— Exercise description —
From the data below, return the exact lines starting at the line containing "KiCute New Magnetic" and ending at the line containing "Alternate Image 1", both included, and nothing else.
··· Material for this exercise
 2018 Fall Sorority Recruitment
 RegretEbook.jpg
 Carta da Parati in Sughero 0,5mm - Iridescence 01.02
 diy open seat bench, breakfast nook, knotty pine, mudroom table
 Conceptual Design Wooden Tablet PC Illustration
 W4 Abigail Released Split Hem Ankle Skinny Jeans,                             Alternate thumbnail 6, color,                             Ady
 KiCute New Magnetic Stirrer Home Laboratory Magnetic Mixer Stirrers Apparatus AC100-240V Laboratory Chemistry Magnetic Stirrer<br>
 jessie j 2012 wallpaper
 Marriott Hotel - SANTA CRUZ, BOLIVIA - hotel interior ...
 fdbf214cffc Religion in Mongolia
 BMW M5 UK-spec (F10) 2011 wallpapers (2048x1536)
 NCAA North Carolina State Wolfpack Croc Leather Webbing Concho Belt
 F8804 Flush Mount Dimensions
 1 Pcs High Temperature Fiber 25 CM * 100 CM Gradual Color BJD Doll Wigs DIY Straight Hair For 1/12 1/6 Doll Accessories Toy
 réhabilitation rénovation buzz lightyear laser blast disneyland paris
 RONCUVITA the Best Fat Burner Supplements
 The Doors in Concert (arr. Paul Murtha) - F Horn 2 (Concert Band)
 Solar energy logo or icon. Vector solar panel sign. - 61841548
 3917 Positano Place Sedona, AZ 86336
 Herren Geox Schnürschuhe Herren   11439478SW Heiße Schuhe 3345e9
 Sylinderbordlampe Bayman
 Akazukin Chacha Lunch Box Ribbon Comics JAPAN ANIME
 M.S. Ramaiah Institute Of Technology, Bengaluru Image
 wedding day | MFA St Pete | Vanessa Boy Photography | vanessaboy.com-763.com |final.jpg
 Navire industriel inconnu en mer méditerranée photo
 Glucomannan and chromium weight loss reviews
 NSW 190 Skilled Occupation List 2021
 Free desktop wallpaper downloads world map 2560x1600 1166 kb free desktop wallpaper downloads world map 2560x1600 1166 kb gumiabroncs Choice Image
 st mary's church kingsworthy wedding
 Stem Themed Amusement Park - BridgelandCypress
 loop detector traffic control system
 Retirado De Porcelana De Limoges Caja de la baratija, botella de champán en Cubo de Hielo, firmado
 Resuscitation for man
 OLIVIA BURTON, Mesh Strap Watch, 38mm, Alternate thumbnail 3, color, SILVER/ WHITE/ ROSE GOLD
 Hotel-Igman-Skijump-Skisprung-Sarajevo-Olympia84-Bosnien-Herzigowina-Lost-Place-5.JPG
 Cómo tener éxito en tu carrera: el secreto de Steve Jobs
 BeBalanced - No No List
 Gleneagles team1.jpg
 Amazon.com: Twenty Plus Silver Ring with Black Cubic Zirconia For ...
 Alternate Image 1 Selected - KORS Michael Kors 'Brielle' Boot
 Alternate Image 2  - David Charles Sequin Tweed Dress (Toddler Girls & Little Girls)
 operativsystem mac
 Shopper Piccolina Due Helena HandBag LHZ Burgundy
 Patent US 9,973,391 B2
······
— Expected answer —
 KiCute New Magnetic Stirrer Home Laboratory Magnetic Mixer Stirrers Apparatus AC100-240V Laboratory Chemistry Magnetic Stirrer<br>
 jessie j 2012 wallpaper
 Marriott Hotel - SANTA CRUZ, BOLIVIA - hotel interior ...
 fdbf214cffc Religion in Mongolia
 BMW M5 UK-spec (F10) 2011 wallpapers (2048x1536)
 NCAA North Carolina State Wolfpack Croc Leather Webbing Concho Belt
 F8804 Flush Mount Dimensions
 1 Pcs High Temperature Fiber 25 CM * 100 CM Gradual Color BJD Doll Wigs DIY Straight Hair For 1/12 1/6 Doll Accessories Toy
 réhabilitation rénovation buzz lightyear laser blast disneyland paris
 RONCUVITA the Best Fat Burner Supplements
 The Doors in Concert (arr. Paul Murtha) - F Horn 2 (Concert Band)
 Solar energy logo or icon. Vector solar panel sign. - 61841548
 3917 Positano Place Sedona, AZ 86336
 Herren Geox Schnürschuhe Herren   11439478SW Heiße Schuhe 3345e9
 Sylinderbordlampe Bayman
 Akazukin Chacha Lunch Box Ribbon Comics JAPAN ANIME
 M.S. Ramaiah Institute Of Technology, Bengaluru Image
 wedding day | MFA St Pete | Vanessa Boy Photography | vanessaboy.com-763.com |final.jpg
 Navire industriel inconnu en mer méditerranée photo
 Glucomannan and chromium weight loss reviews
 NSW 190 Skilled Occupation List 2021
 Free desktop wallpaper downloads world map 2560x1600 1166 kb free desktop wallpaper downloads world map 2560x1600 1166 kb gumiabroncs Choice Image
 st mary's church kingsworthy wedding
 Stem Themed Amusement Park - BridgelandCypress
 loop detector traffic control system
 Retirado De Porcelana De Limoges Caja de la baratija, botella de champán en Cubo de Hielo, firmado
 Resuscitation for man
 OLIVIA BURTON, Mesh Strap Watch, 38mm, Alternate thumbnail 3, color, SILVER/ WHITE/ ROSE GOLD
 Hotel-Igman-Skijump-Skisprung-Sarajevo-Olympia84-Bosnien-Herzigowina-Lost-Place-5.JPG
 Cómo tener éxito en tu carrera: el secreto de Steve Jobs
 BeBalanced - No No List
 Gleneagles team1.jpg
 Amazon.com: Twenty Plus Silver Ring with Black Cubic Zirconia For ...
 Alternate Image 1 Selected - KORS Michael Kors 'Brielle' Boot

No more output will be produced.